No. A context checkpoint is how llama.cpp avoids re-processing the whole prompt every conversation turn: it caches the intermediate state so the next turn can warm-restore from it. But reading the llama.cpp source (`common_prompt_checkpoint`), it's stored in host RAM (a `std::vector<uint8_t>`, read back off the GPU), not VRAM — ~250-300 MiB each, taken from that 16GB box's system memory. It's large and easy to invalidate on a hybrid model, which makes it the star of the next post (why TTFT blows up) — but it is not what starves your VRAM here. The KV cache is.
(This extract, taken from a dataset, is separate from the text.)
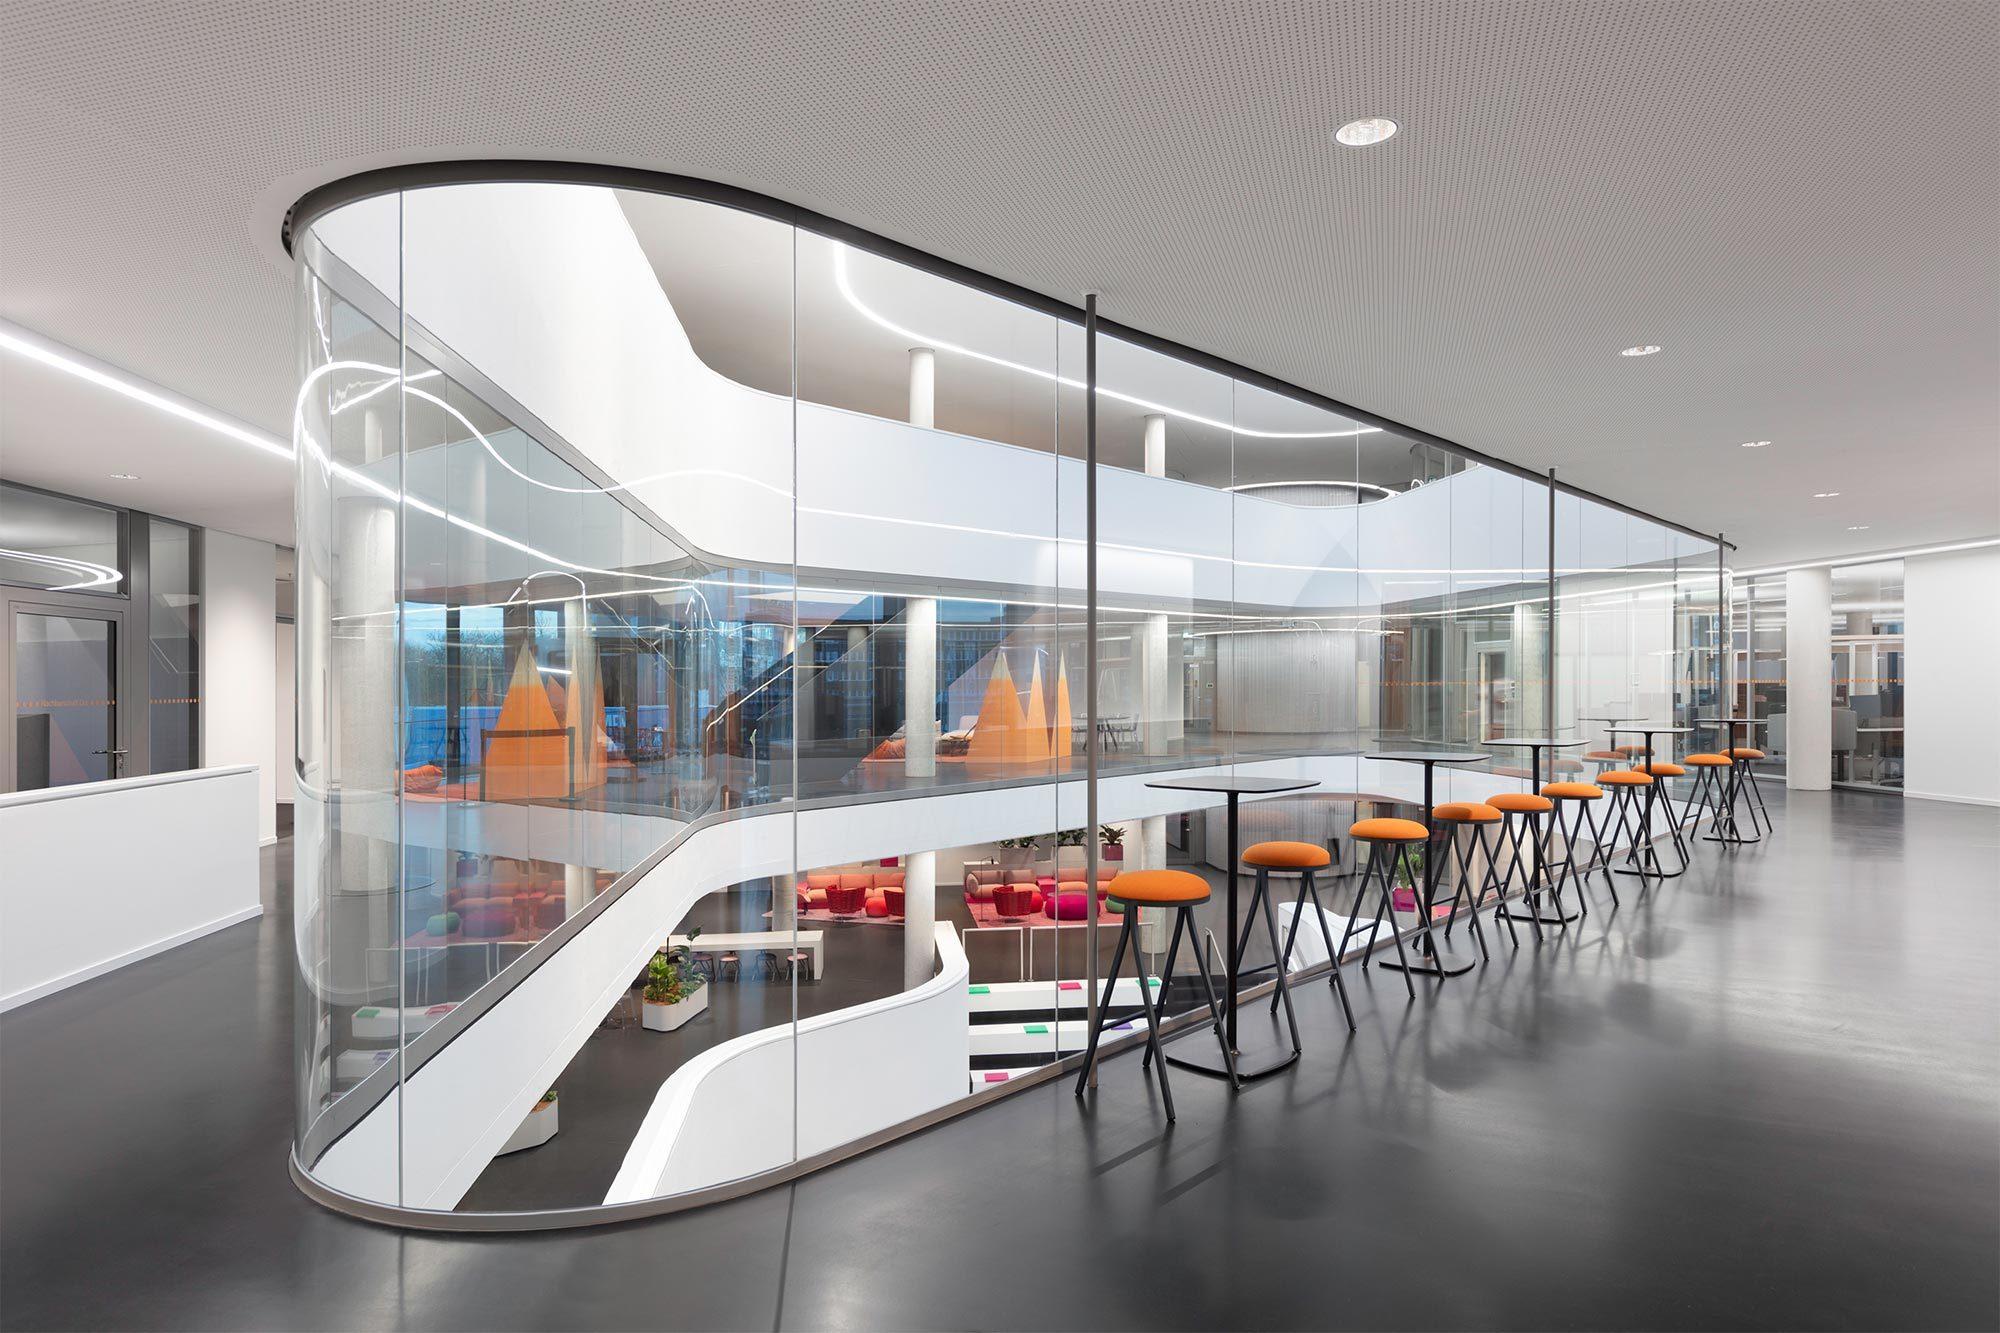 In der neuen Unternehmenszentrale von Covestro in Leverkusen wurde die klassische Zellenstruktur in eine aktivitätsbasierte Arbeitsumgebung überführt. Foto: Werner Huthmacher

So dropping context from 256K to 200K frees up headroom, right?
Barely. In my tests, 256K leaves ~170 MiB free and 200K leaves ~164 MiB — dropping 56K bought almost no headroom (the KV you shrank gets eaten back by other scratch). Free-VRAM-vs-context is nonlinear: you have to drop all the way to 128K before free opens up to about 2GB. Don't assume dropping context trades linearly for headroom — measure the curve, because you may need to drop a whole tier before it moves.
Is 128K guaranteed never to crash?
No, and I won't claim that. 128K turns the crash from "blows up every few turns" into "a rare one-off, root cause still open": the battery of stress tests (concurrency, checkpoint flood, near-limit prefill) all passed with VRAM holding rock-steady at ~2GB free, but I still saw one crash under real load (0xc0000409), which auto-recovered, and I haven't 100% pinned the root cause. 128K is the only stable sweet spot so far — not a zero-crash guarantee.